Your goal ▸ Among the entries below, find the line with "knight lion coloring pages" and the line with "Rolex Datejust Men's". Return exactly those lines and every line between them, but no pictures.

Supplied material ▸

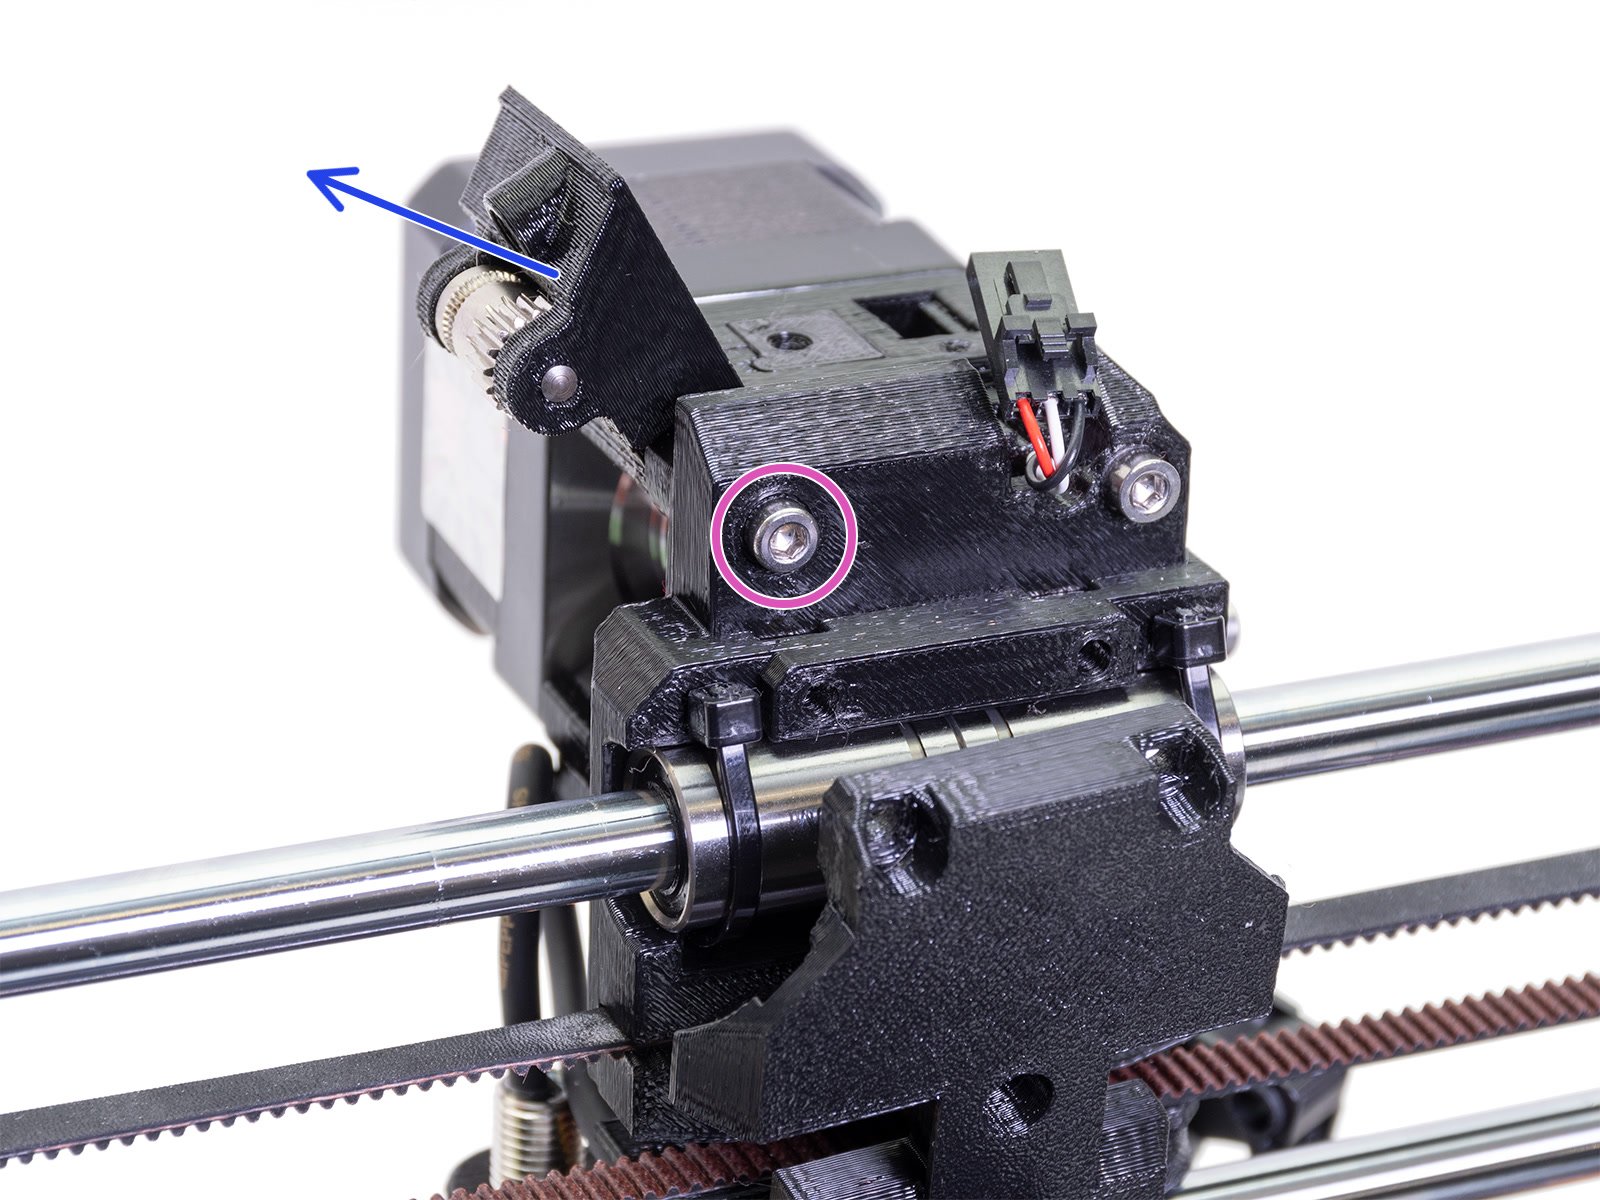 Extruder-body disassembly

--

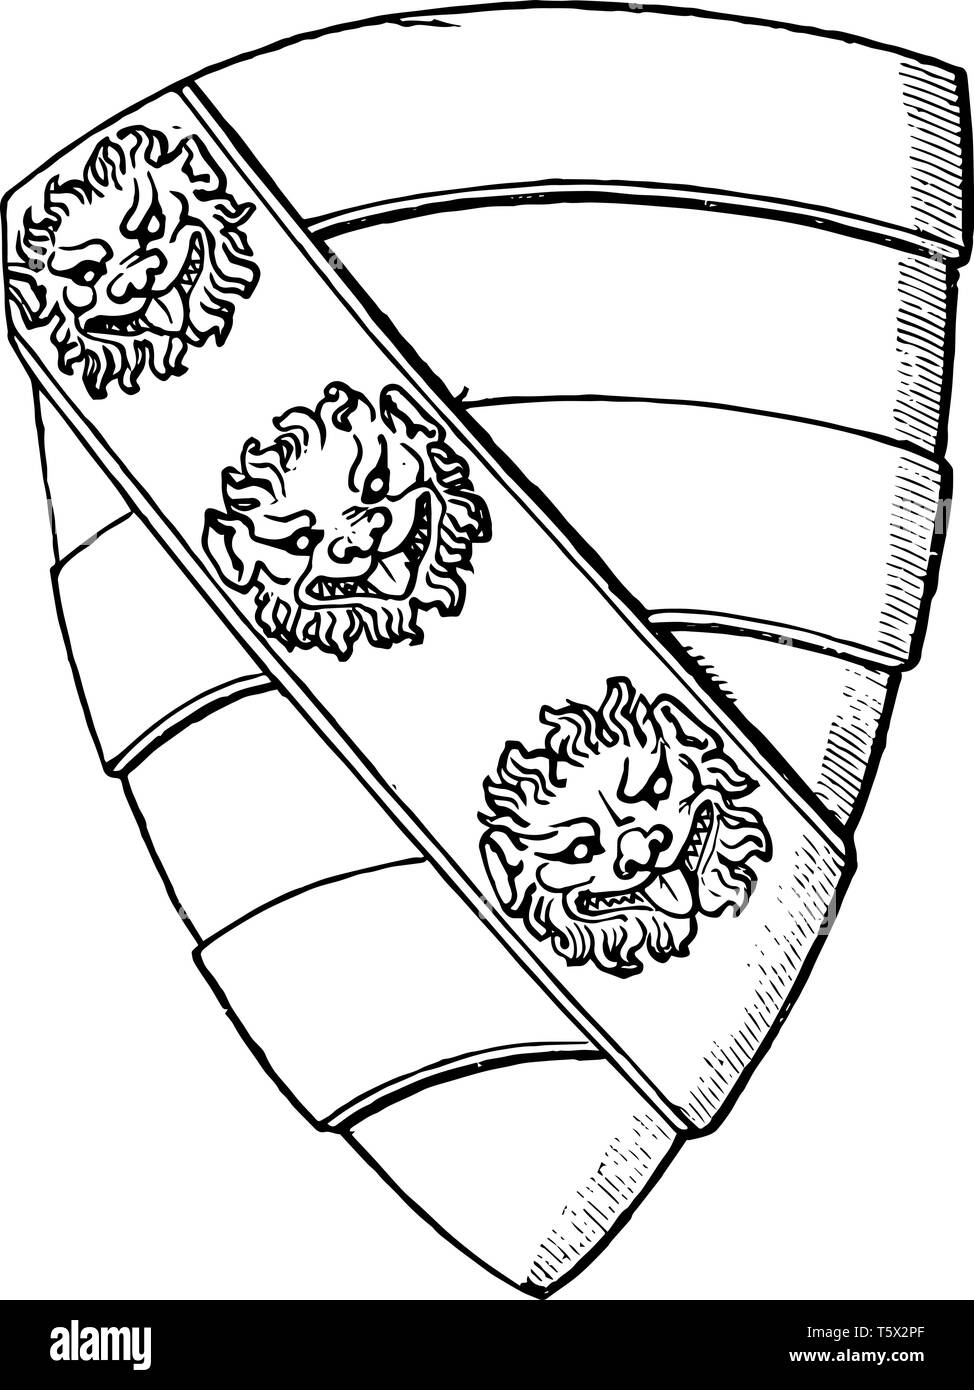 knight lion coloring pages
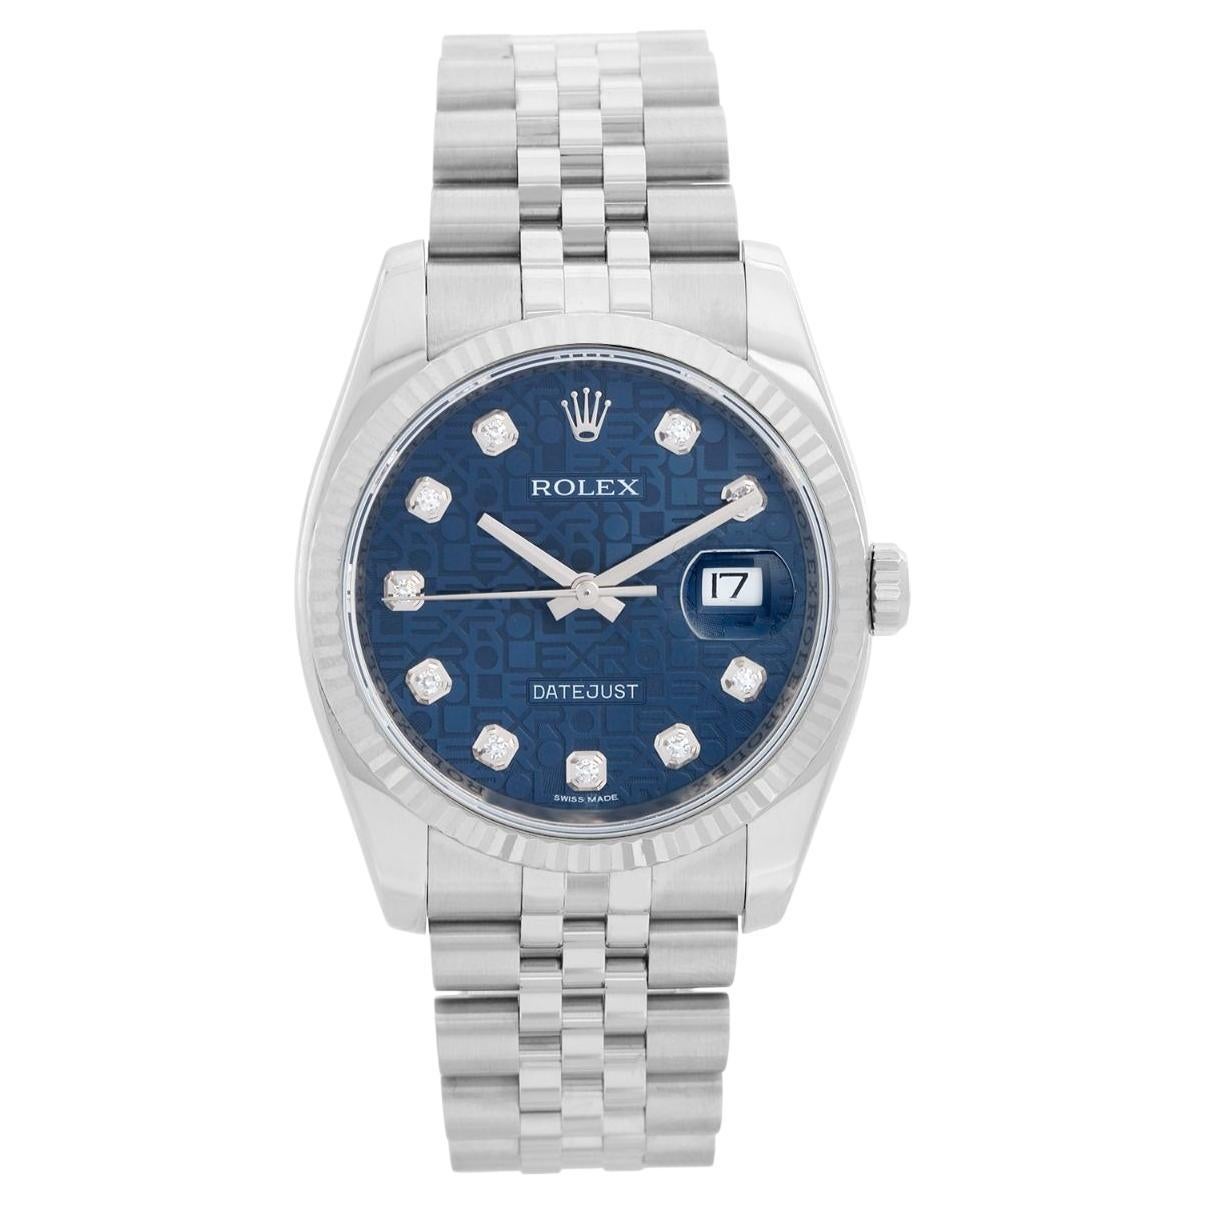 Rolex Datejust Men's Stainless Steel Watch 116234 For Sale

Solution to this problem ▸
 knight lion coloring pages
 Rolex Datejust Men's Stainless Steel Watch 116234 For Sale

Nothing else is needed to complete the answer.